Les martyrs sont désormais passés de mode — du moins pour l’Église synodale.
Les martyrs ont versé leur sang pour la Vérité descendue du Ciel. Pour le synodaliste, il n’existe aucune vérité, seulement un processus transactionnel.
Qui donc mourrait pour cela ?
Pour le synodaliste, la vérité est une embarrassant vestige antédiluvien — et les martyrs aussi.

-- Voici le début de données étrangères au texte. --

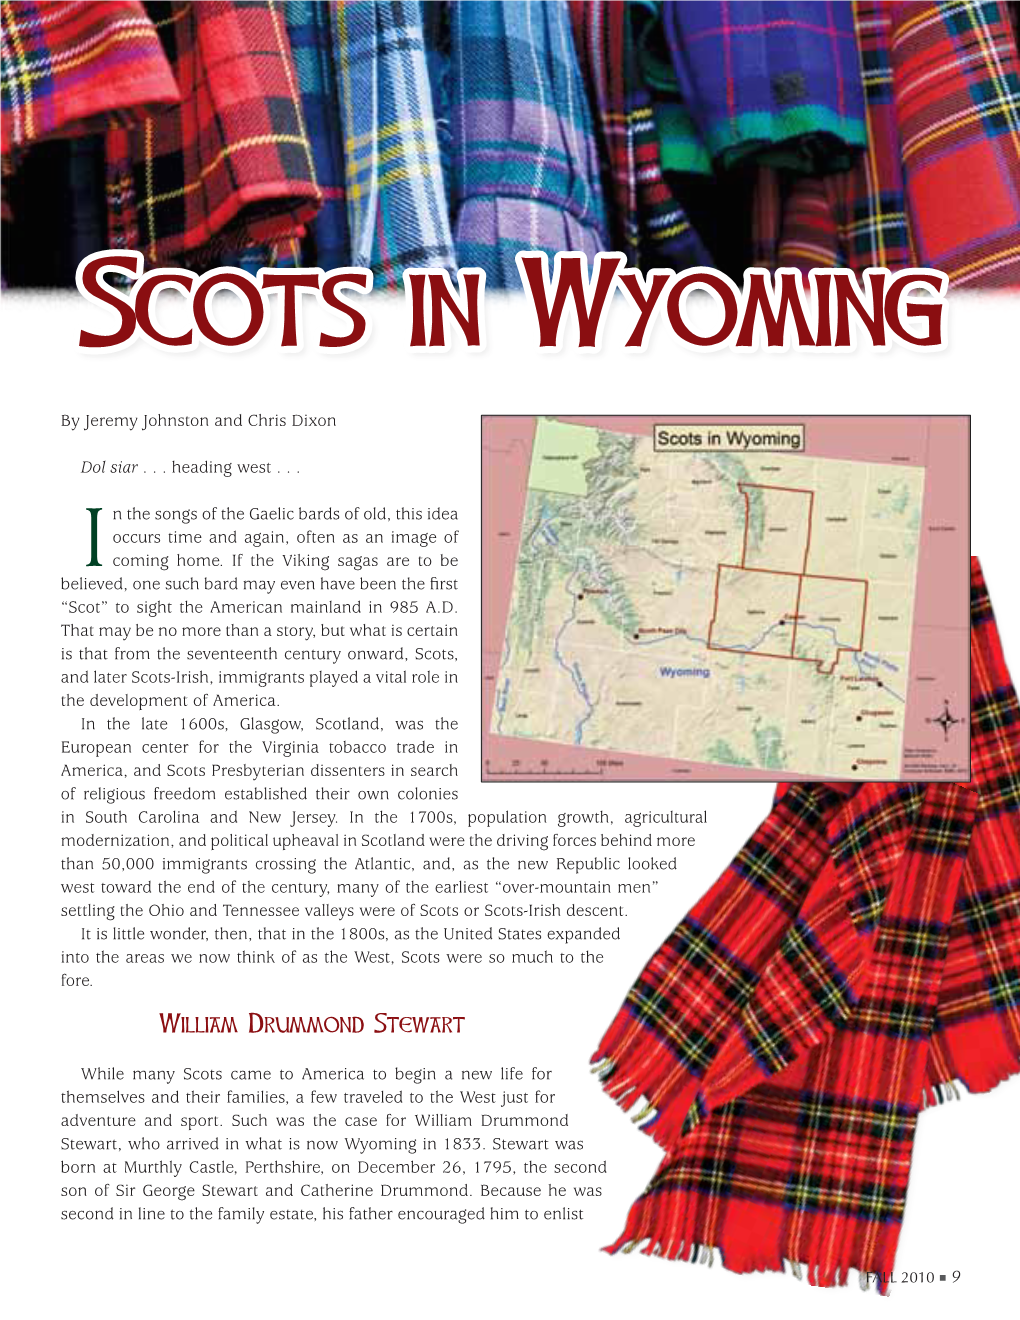 Scots in Wyoming

À la consternation des catholiques fidèles, l’Église synodale avance. Toute religion digne de ce nom frémit devant les thérapies de cour de récréation de cette comédie se faisant passer pour le catholicisme.
Notre seule consolation est que son seul attrait réside dans les salons huppés de l’aristocratie théologique excentrique. Ils s’enorgueillissent de se tenir à l’écart du hoi polloi catholique malodorant, qui serre encore son chapelet et ses livres de prière, faisant la queue au confessionnal dans un repentir sincère. Les synodalistes et leurs compagnons de route, tels America, The National Catholic Reporter et les universités catholiques d’élite, enfantent une Nouvelle Chrétienté, libérée des chaînes d’un passé millénaire épuisé. Ces Jeunes Éclatants (pardonnez-moi, M. Waugh) ne sont plus les victimes d’un Évangile littéral qui prend Dieu au mot. Une partie de leur éclat réside dans une révision fière et nouvelle de la page évangélique, affranchie de l’objectivité brutale du passé.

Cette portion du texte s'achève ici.